Но кто из историков поправит нас и расскажет интересующемуся читателю, насколько этот строй пришёлся рабоче-крестьянским или социалистическим? А может быть, сейчас вылезут ортодоксальные коммунисты, обвинив всех читающих это произведение в «предательстве» и «власовстве»? Эти умники непременно начнут уверять, что репрессии полностью оправдали себя. «Так надо было», «граждане нуждались в железной руке», «всё это во благо народа». Короче говоря, всё оказалось хорошо и замечательно, а тот факт, что мучали и убивали сотни тысяч ни в чём невиновных, – это ничего страшного? Да, это сплошное ничто, всего лишь издержки большевистской системы! «А вы сошлитесь нам на официальные источники, что так действительно было», – проскрипят своими жёлтыми зубами наши безумцы. Ничего сложного, если будет необходимо, то пласт широких доказательств всегда можно будет предоставить. Жаль, что это не убедит искренне верующих в коммунизм.

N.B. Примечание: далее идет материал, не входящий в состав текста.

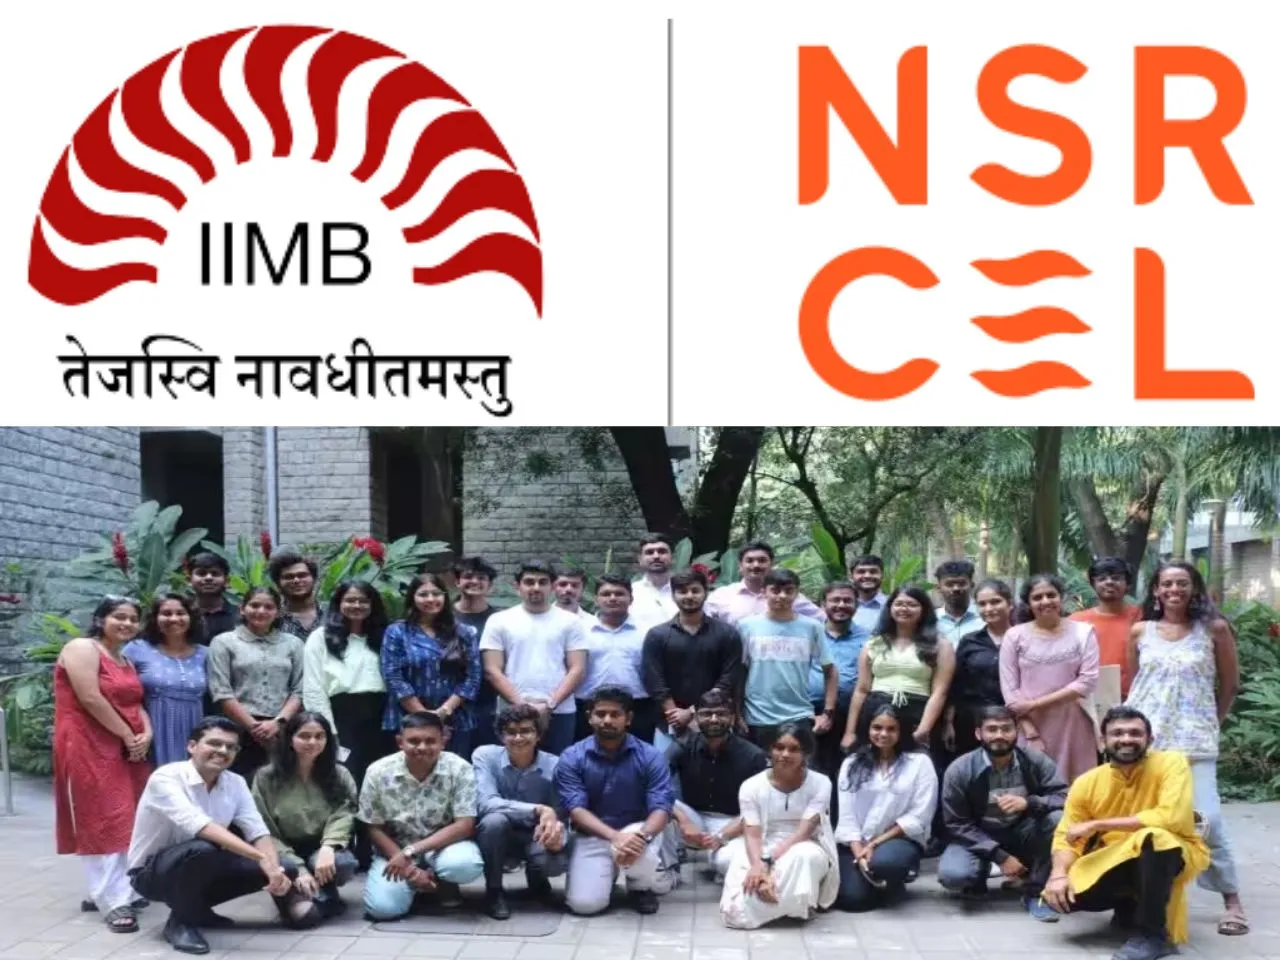 NSRCEL IIMB Launches Campus Founders Program Nurture Student Entrepreneurs
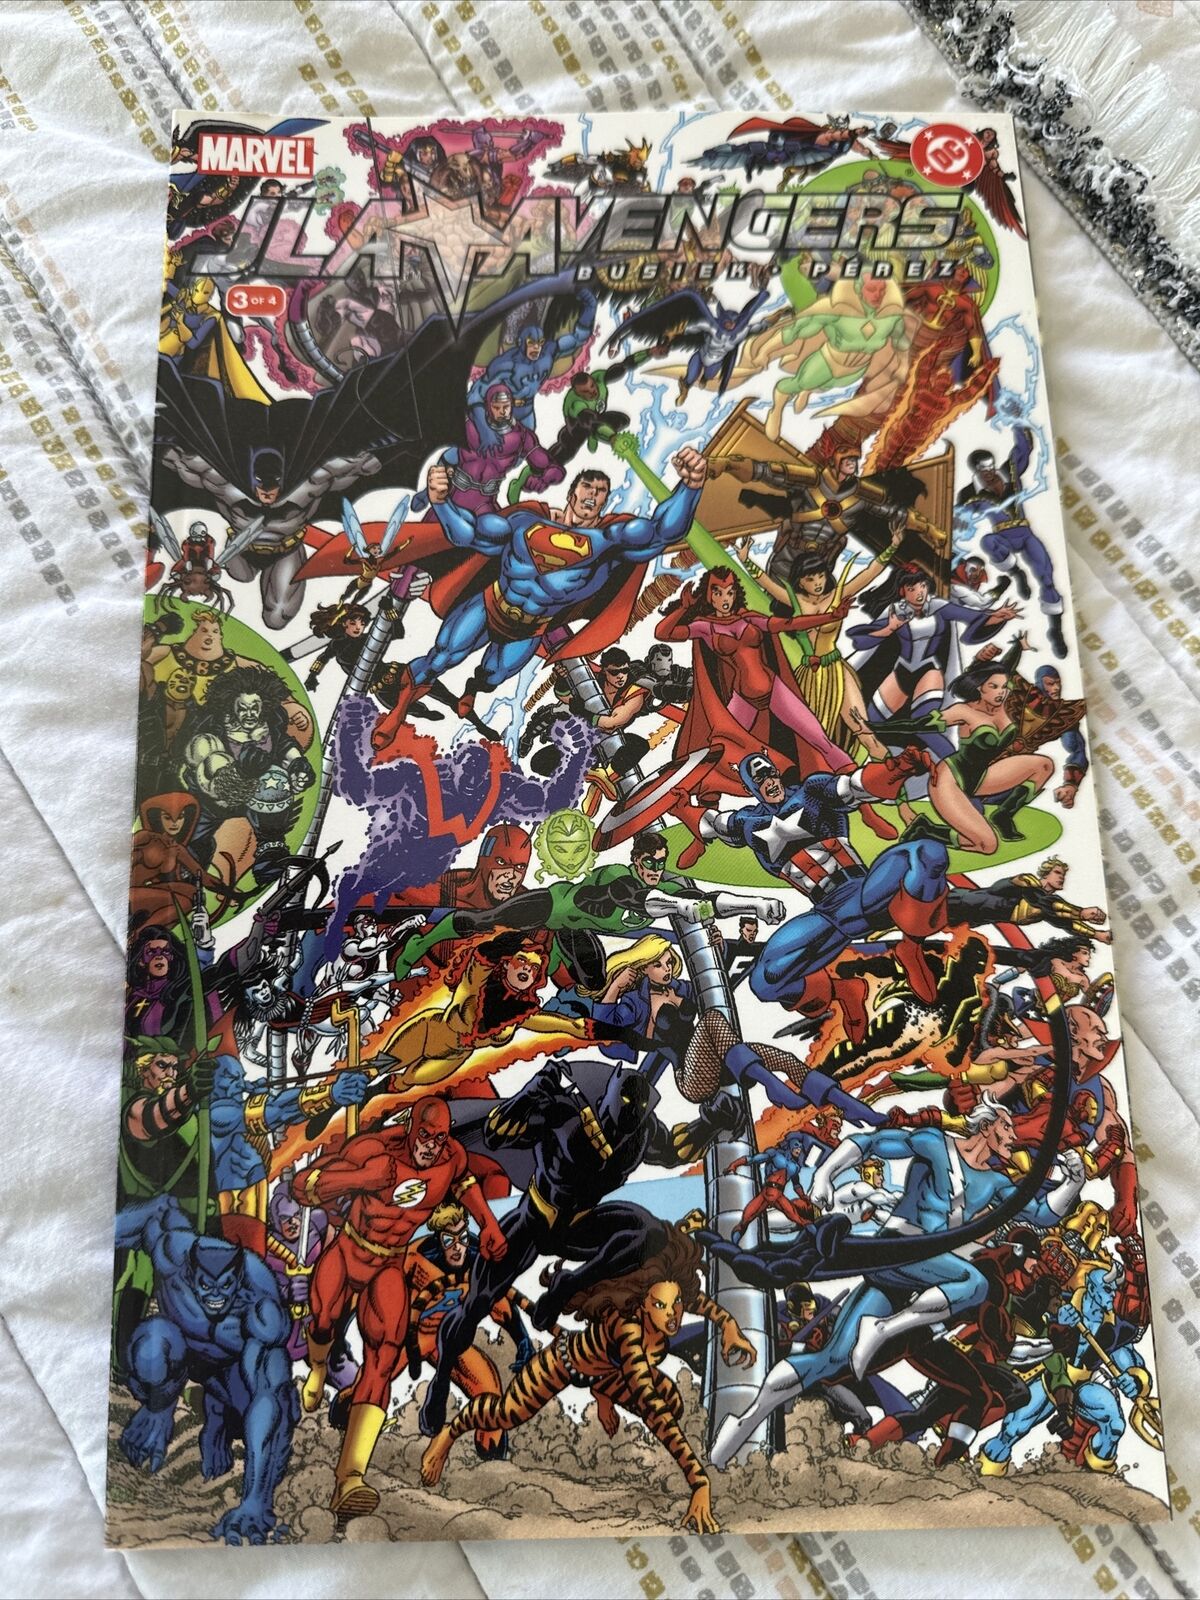 Jla / The Avengers #3 (Marvel Comics December 2003)

Однако Станислав понимал, что такое большое количество людей, вся эта масса, уничтожаемая системой, не могла быть на подряд террористами, шпионами и вредителями. Он только осознавал, что губилось невиновное большинство. Богатырёв догадывался, что репрессии происходили не только в 1937—1939 годах. Они являлись постоянными и шли всё время с момента установления советской власти!
Но пусть эти люди действительно бы были ярыми и активными противниками данного государства. Что же это за такая кошмарная система, которую хочет свергнуть такое большое количество народа? Каким надо быть параноиком и душевным уродом, чтобы постоянно искать заговоры и сговоры?
Многих репрессированных Станислав знал лично. Он прекрасно знал характеры тех людей, которых увозили чёрные «воронки». Невозможно ему было представить, как тот или иной человек закладывает бомбу под кресло председателю колхоза или нарочно портит рельсы на пути крупного товарного состава. И стало совсем грустно, когда одноклассника Богатырёва арестовали лишь за то, что тот случайно, споткнувшись, вылил суп из тарелки на портрет Сталина.
Станислав ошибочно полагал, как и многие другие люди, наблюдавшие за зверствами системы, но не попавшие в её жернова, что он и дорогие ему люди избегут мучений и страданий, исходящих из гулаговской пропасти. К сожалению, он вогнал себя в наивную иллюзию, считая, что этот страшный мир существует не в его, а в другой реальности, и никогда эти две вселенные не соприкоснутся. Как же жестоко ошибался солдат!
Ефрейтор поглядел на «врагов народа». Он насчитал где-то человек тридцать. Все были запачканные, потрёпанные, злые, уставшие. Одни топтались на месте, другие сидели прямо на голой земле, копаясь в нехитрых пожитках. Много оказалось как старых, так и молодых. Некоторые уныло, без интереса уставились на пришедшего солдата. Поразительно: шла война, а у системы нашлось время заниматься «охотой на ведьм». Впрочем, она будет делать это и после окончания Великой Отечественной.